In 2007, Haunch of Venison, was bought by Christie's auction house. Then, last year, while its gallery's space in Mayfair's Haunch of Venison Yard was being extended, it moved into the rear part of the Royal Academy building. The gallery has struggled to fill those grand spaces since then, but, finally, with Vasconcelos, that baroque architecture has met its match.

Mary Poppins (2010) dominates the gallery's enormous atrium and grand stairway, and is a like a giant, stuffed puppet creature with octopus legs made from all sorts of soft, childish, pop cultural detritus – stuffed antlers from toy reindeer, harlequin diamond fabrics and lacy pieces of trimming. It is a study in the smothering excesses of nanny-like love, and also of glitzy trashy beauty. The same can be said of a set of Venus-like sculptures that sit at the top of the stairs holding round lamps. The figures are more like Barbies than Botticellis, painted in brash, joyful cartoon hues, but Vasconcelos has covered each statue in a black pattern of intricate crochet. Star and flower shapes blossom from the faces of these painted goddesses, decorating them, while also trapping and silencing them. Here, Vasconcelos's work can be read as a female counterpoint to American Pop artists such as Jeff Koons: both are highly aware of the banal elements of the popular culture from their respective countries (pool toys and naff ceramic statues) while also able to subtly bring out the ecstatic beauty and alarming undertones within them.

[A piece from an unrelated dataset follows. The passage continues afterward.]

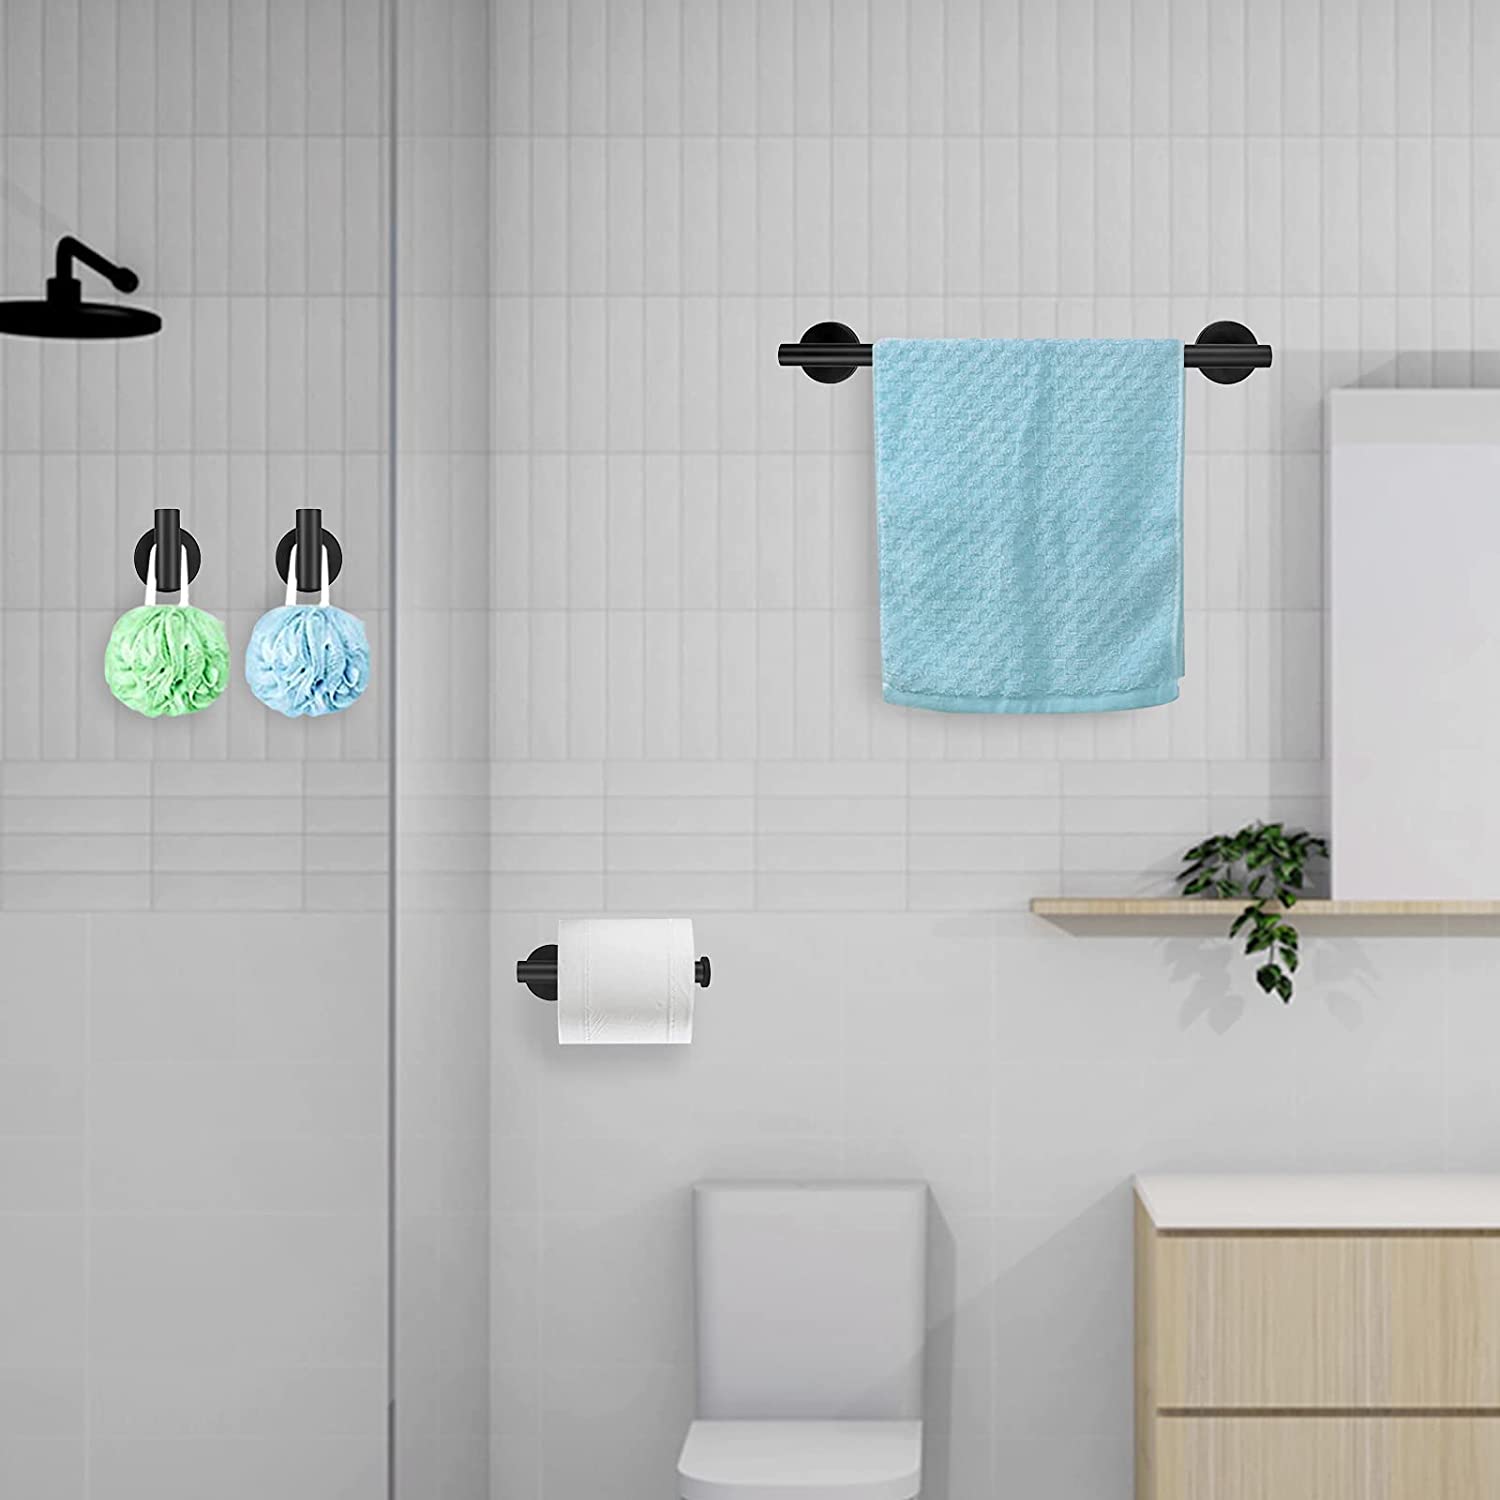 HOMGEN Popular 4pcs Modern Bathroom Accessories Set

Beauty, and our desire to achieve it or own it, is at the heart of this artist's work. Garden of Eden (Labyrinth) (2010) is a hyperreal maze of eerily glowing fake flowers and twinkly lights sitting in the velvet dark. While there are many large works, it's Vasconcela's sensitivity to her materials, however, that lifts this exhibition out of the ordinary. Piano Dentelle (2008) is a large grand piano that has been wrapped in complicated snowflakes of crochet, silencing the instrument's ability to make music, and transforming it into a purely decorative item. There's no denying how exquisitely beautiful, however, the crochet work is here, but it's certainly beauty that has come at a heavy price.